If it should be denied:

  1. The server is not started

  2. A configurable message should be shown to them about this denial, with information on how they can request more quota (by being added to different groups)

Definition of done

Estimates

Task

Lower Estimate

Upper Estimate

Integration work

24h

32h

Documentation

8h

8h

Total

32h

40h

People needed

  1. App eng to build out all the hooks and functionality

  2. Infrastructure eng to roll this out to our infrastructure

Demo Reel

  1. Full quota system working and testable in the staging earthscope hub

Deliverable 6: Production roll-out

Overview

So far, we would have deployed to staging clusters and tested.

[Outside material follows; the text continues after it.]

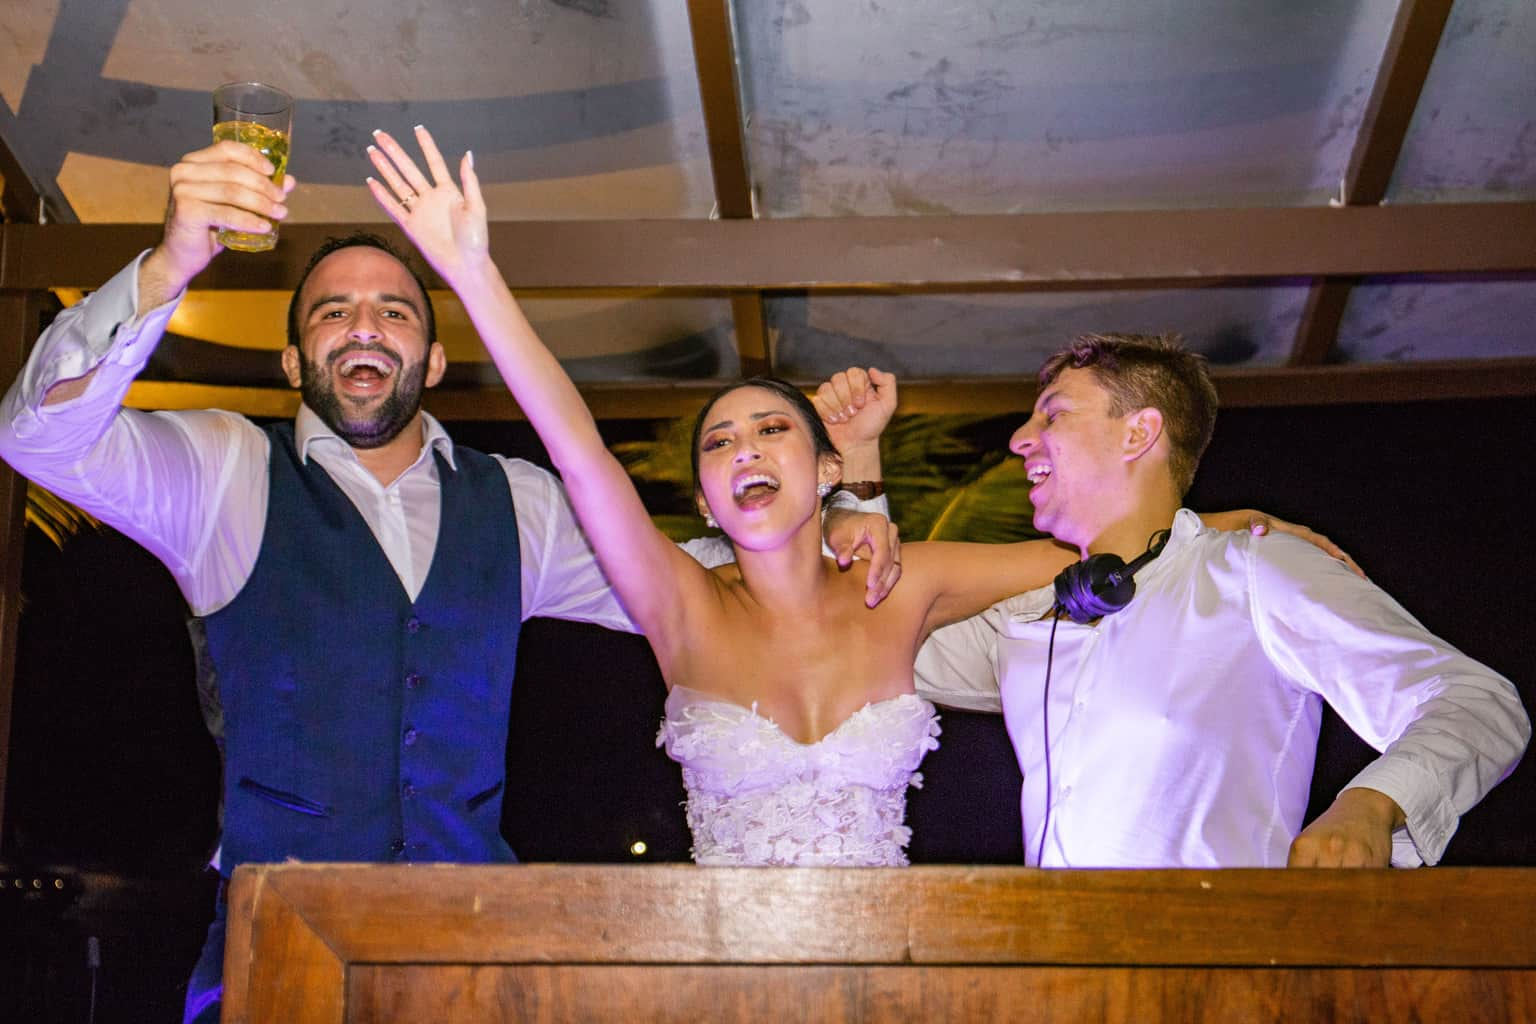 Casamento-Alissa-e-Gustavo-Cerimonial-Manu-Goncalez-Decor-Andrea-Kapps-Fasano-Angra-dos-Reis-Foto-VRebel-DJ-Jimmy-festa5470

We will need to

Definition of Done

Estimates

Task

Lower Estimate

Upper Estimate

Coordination with Earthscope

8h

8h

Support and monitoring

8h

40h

Total

16h

48h

Risk factors

People needed

  1. App eng to fix any issues that may arise

  2. Infrastructure eng to support app engineers in this process

Demo Reel

  1. Full quota system working and testable in the earthscope production hub

Cloud vendor considerations

There should be no cloud vendor specific parts here - everything should work across cloud vendors.

People working on this

This project would require capacity from:

  1. Tech Lead

  2. Infrastructure Engineer

  3. App Engineer

In addition, it would also consume cycles from our project management folks.

Timeline

Some of this work can be done in parallel, depending on availability of capacity.

Based on when we start this, I roughly expect 2-4 months to drive this to completion.